The very frequent occurrence of BIT indicates that the individual bits of floating-point values tend to correlate more strongly across values than within values. This might be expected as, for example, the top exponent bits of consecutive values are likely to be the same.

Another interesting observation is that the cut was often at the end, that is, it is not used. This means that the entire algorithm operates at word granularity, including the Best algorithm, and that there is no benefit from switching to byte granularity. This is good news because it simplifies and speeds up the implementation as only word-granular components are needed. NUL and INV are also not needed. Clearly, inverting all the bits is unnecessary and algorithms with fewer than four components (i.e., that include NUL) compress less well.

The LNV predictor component is obviously very important. Every listed algorithm includes it, and most of them include two such components. LNV comes in two versions, one that uses integer subtraction to form the residual and the other that uses XOR (i.e., bitwise subtraction). Subtraction is much more frequent, which is noteworthy as the current literature seems undecided as to which method to prefer.

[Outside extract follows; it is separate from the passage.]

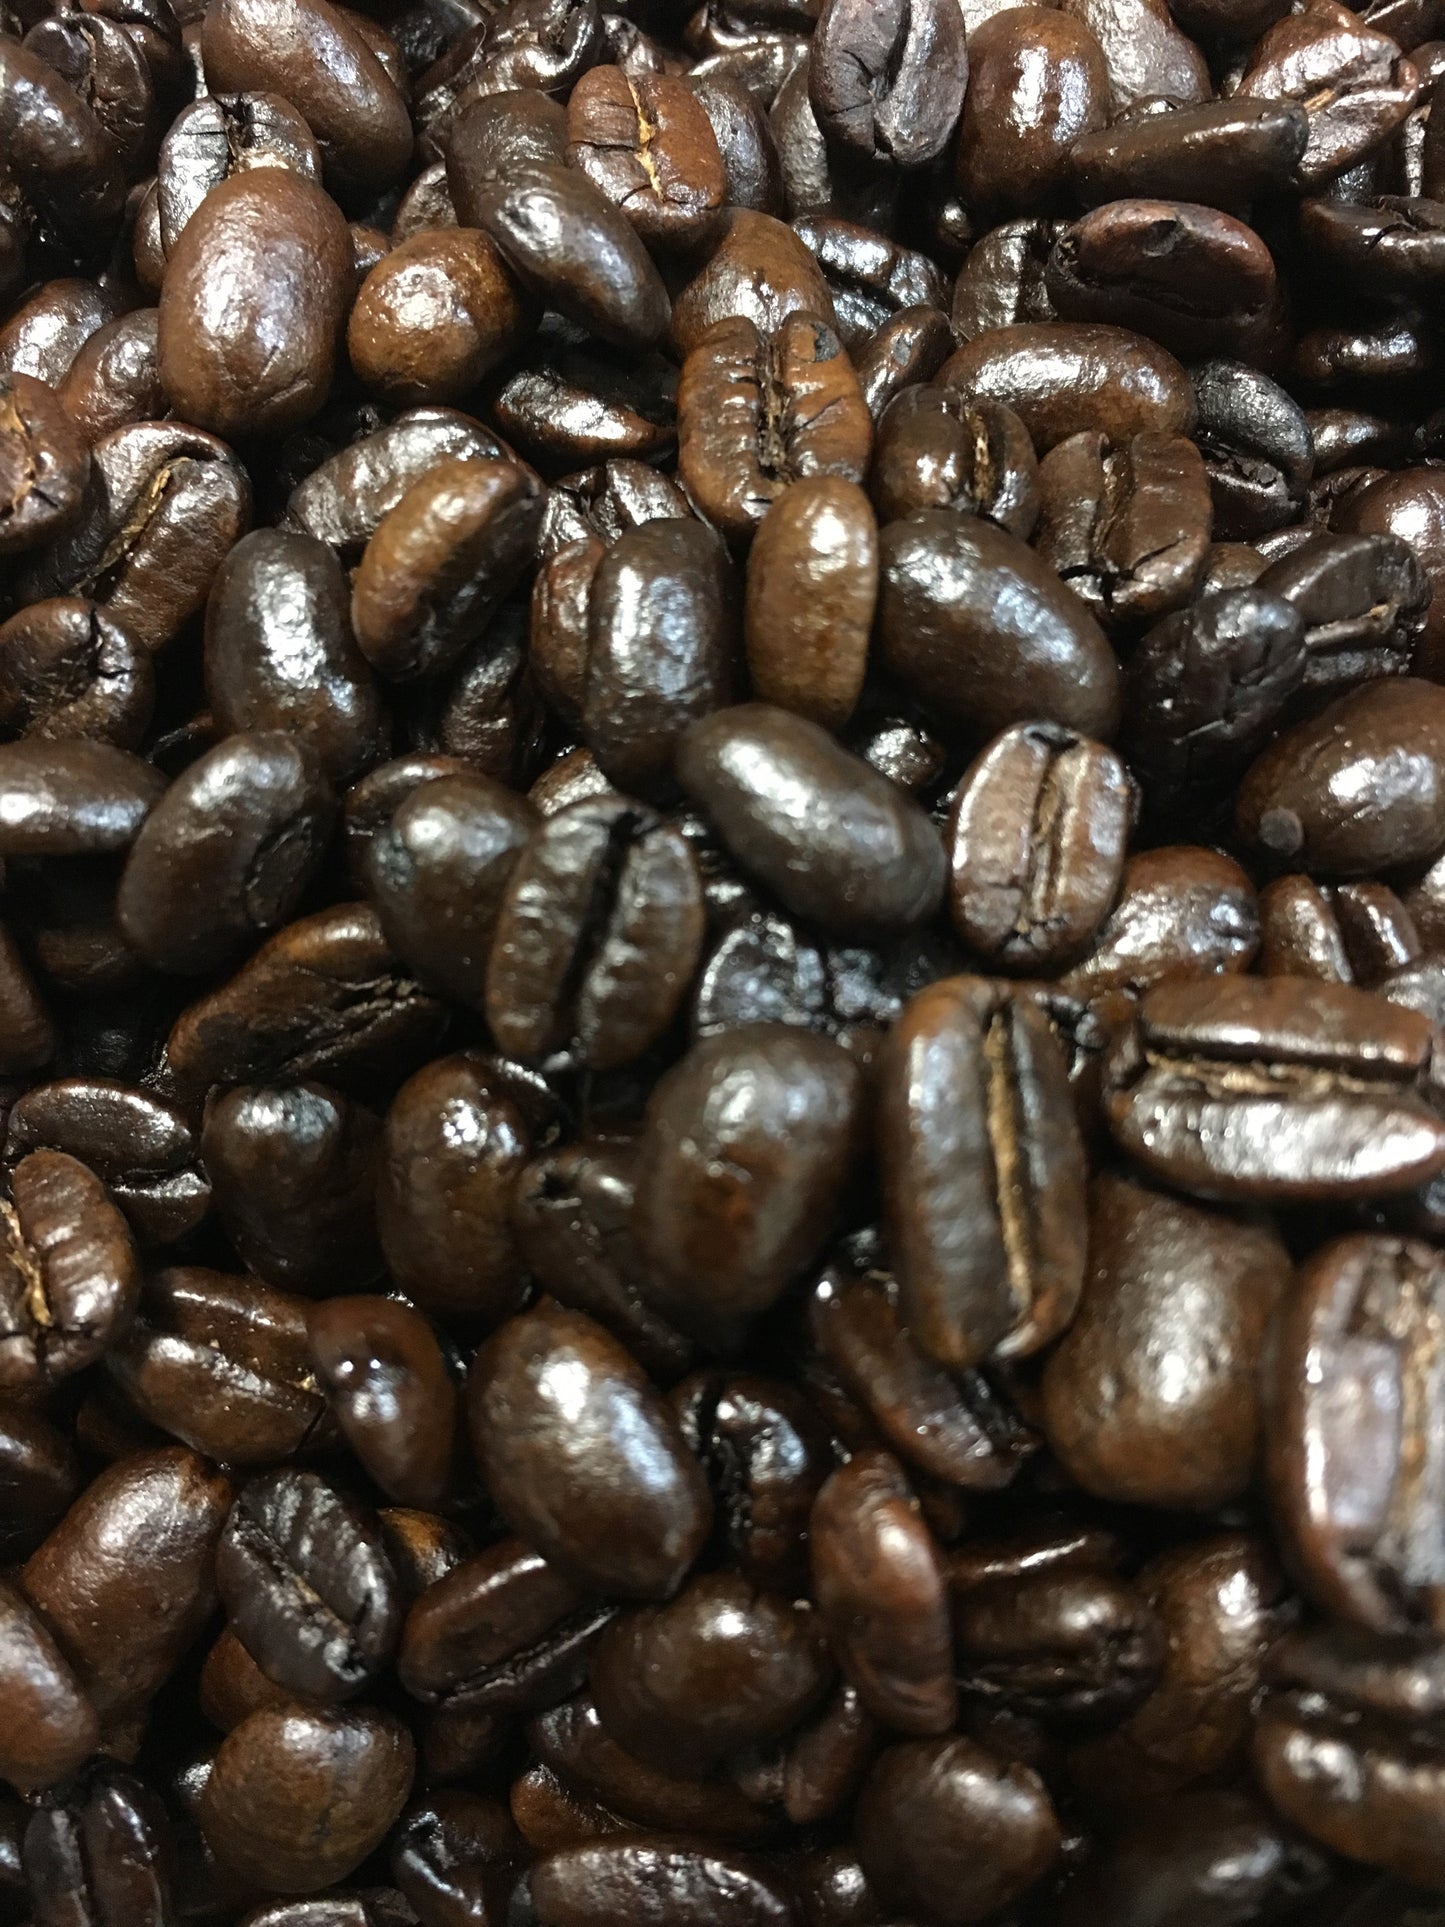 El Salvador Dark -Ground or Whole Bean - Mike Shea's Coffee Roasting 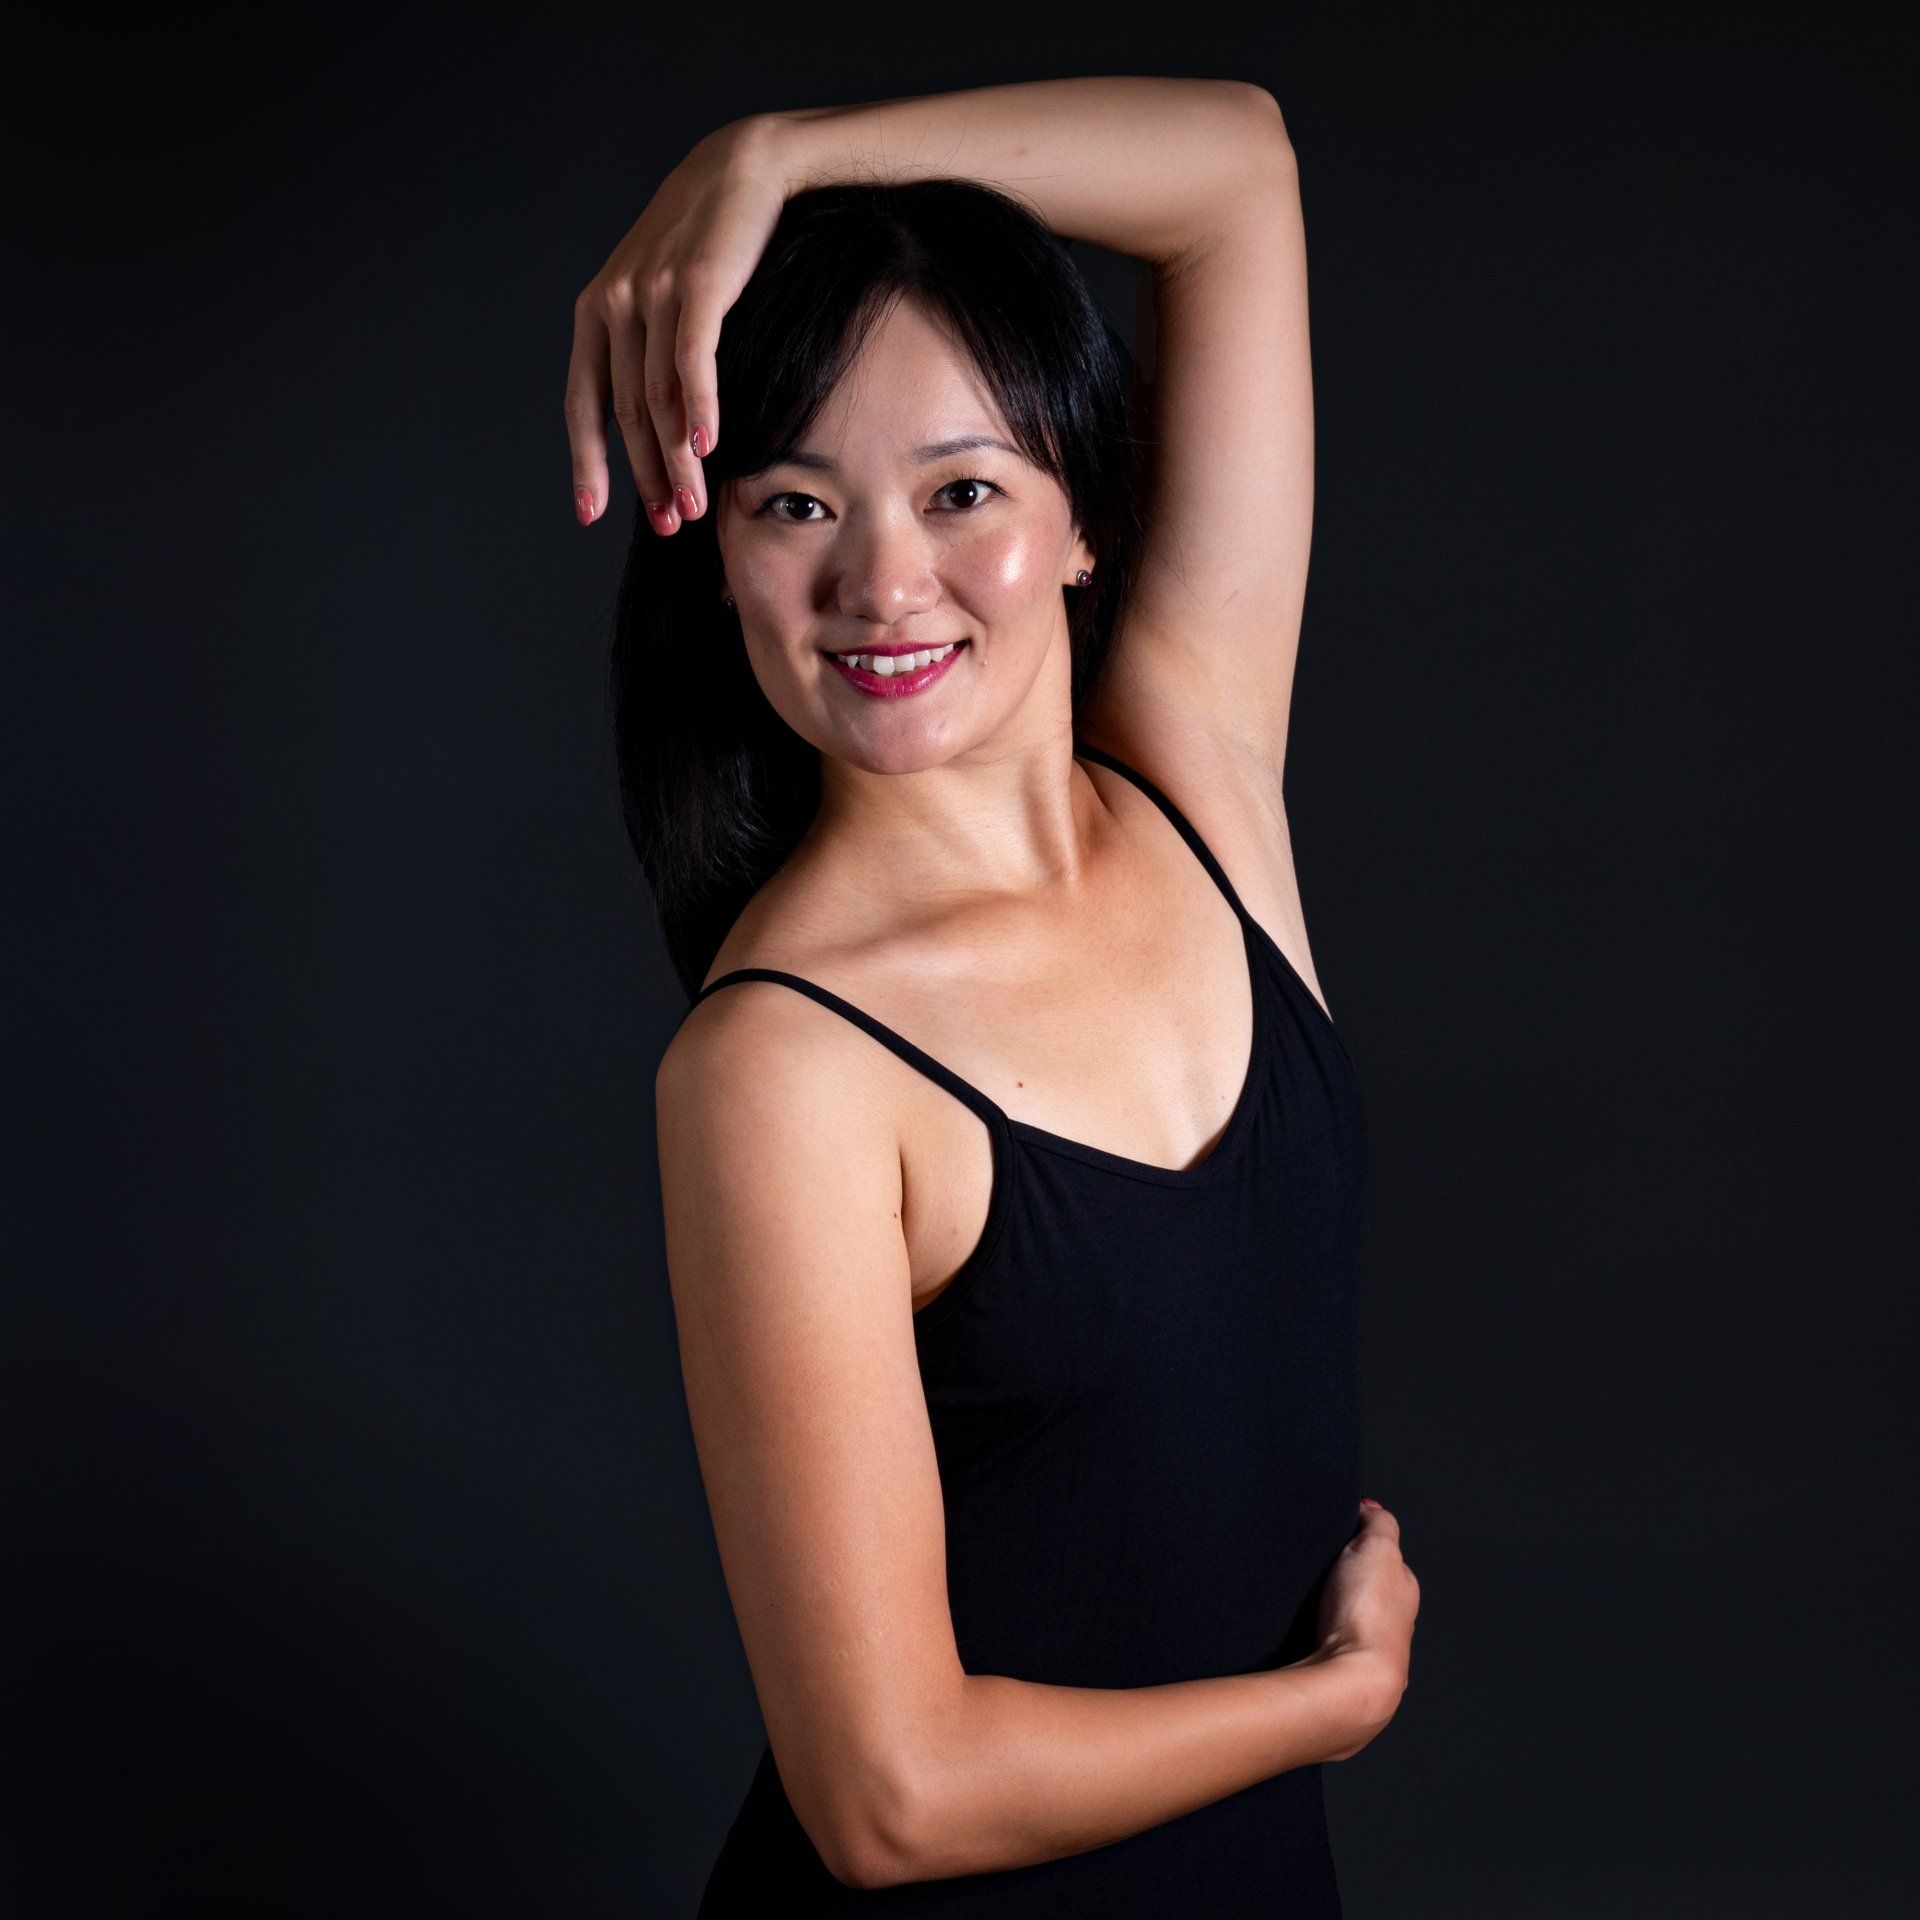 Rina Yamaguchi, Ballet dancer at Atlantic City Ballet from Japan

In many cases, the single-precision algorithm is the same as the corresponding double-precision algorithm, especially when excluding the aforementioned DIM4 versus DIM8 difference immediately after the cut. This similarity is perhaps expected since the data sets contain the same values (albeit in different formats). However, in about half the cases, the algorithms are different, sometimes substantially (e.g., on msg_bt) and yield significantly different CRs. This implies that the bits that are dropped when converting from double- to single-precision benefit more from different compression algorithms than the remaining bits. Hence it would probably be advantageous if distinct algorithms were used for compressing the bits or bytes at different positions within the floating-point words.

3.1.2 Observations about the Best algorithm

Focusing on the Best algorithm, which is the algorithm shown in Fig. 1, we find that the single- and double-precision data sets result in the same algorithm that maximizes the harmonic-mean CR. Hence the following discussion applies to both formats. The most frequent pattern of components in the individual algorithms is “LNV*s BIT LNV1s ZE,” where the star represents a digit. Consequently, it is not surprising that the Best algorithm also follows this pattern. It is interesting, however, that Best uses a “6” in the starred position even though, with one exception, none of the individual algorithms do. We believe that the exhaustive search selected a 6 because 6 is the least common multiple of 1, 2, and 3, all of which occur more often than 6. In other words, the first component tries to predict each value using a similar prior value, which is best done when looking back n positions, where n is the least common multiple of the dimensionality of the various data sets. Hence it is possible that a larger n will work better, but we only tested up to n = 8.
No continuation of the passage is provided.